Arslanian, a resident of Oromocto, N.B., was one of two Canadian volunteers
who were part of a group of six ICRC delegates who remained in Iraq once the
war began, said Luc Dumoulin, logistical director for the Middle East at ICRC
headquarters in Geneva.

The other Canadian was a Calgary woman that Dumoulin could not identify.

The ICRC had a group of 35 delegates in Iraq prior to the war.

Dumoulin said he heard that Arslanian’s group was involved in an incident in
Baghdad as they were dropping a colleague off at home after delivering
medical supplies to various hospitals, and that Arslanian had been injured.

“Because of the lack of security in Baghdad at the time, and because night
was falling as well, we couldn’t go in,” Dumoulin said in an interview.

“So we had a very difficult night, we were devastated because we didn’t know
what really happened.”

He only found out the next day, once that area of Baghdad had been declared
secure, that Arslanian was dead.

“They were all volunteers who knew there were risks,” Dumoulin said. “The
death of Vatche was devastating to all of us, but I think that with the needs
of the region and with Vatche’s attitude about his work we were encouraged to
stay the course and not abandon the work we were doing there.”

Dumoulin said there is a lot of work left to be done in Iraq.

“Everything needs to be reconstructed, including the health system,
electrical systems, water filtration plants, schools,” he said. “Everything
needs to be rebuilt.
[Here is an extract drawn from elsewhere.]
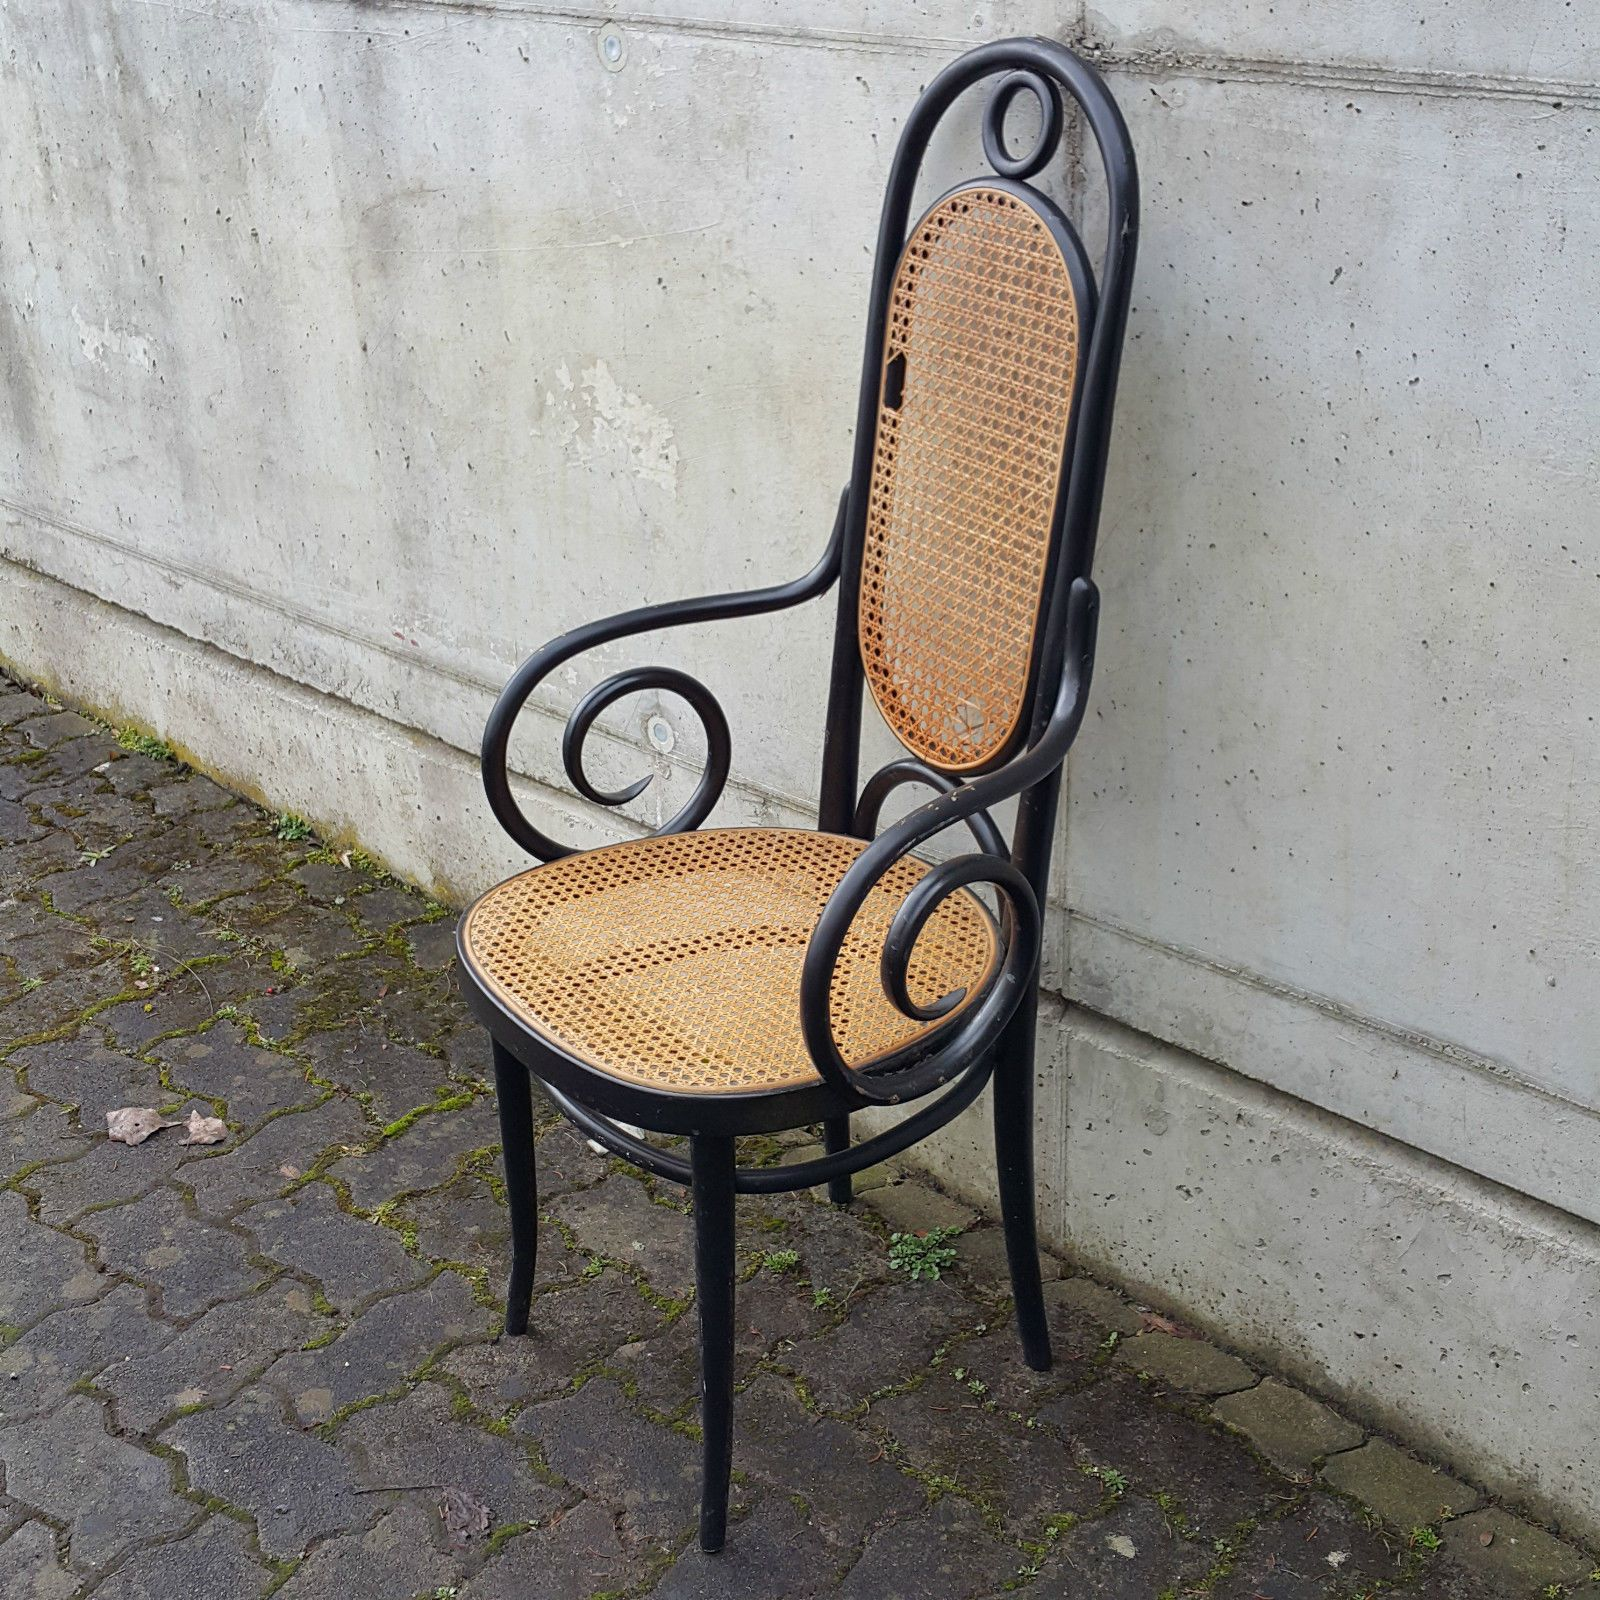 thonet fauteuil nr 17 antik armchair hochlehner stuhl wiener geflecht rarit t ebay thonet. Black Bedroom Furniture Sets. Home Design Ideas

For us, the most pressing needs are medical supplies and
water.”

Arslanian, a Canadian of Armenian origin, was born in Syria in 1955.

He received a degree in political science from the University of Montreal and
he served as a city councillor and as deputy mayor in Oromocto for a short
period.

He had been a volunteer for the Red Cross since 1991, and he took an active
role in 1999 when 1,000 Kosovo refugees were put up at Canadian Forces Base
Gagetown in New Brunswick.

Arslanian’s first mission for the Red Cross was to the Republic of Georgia in
2000, and he went to Baghdad once before in July, 2001.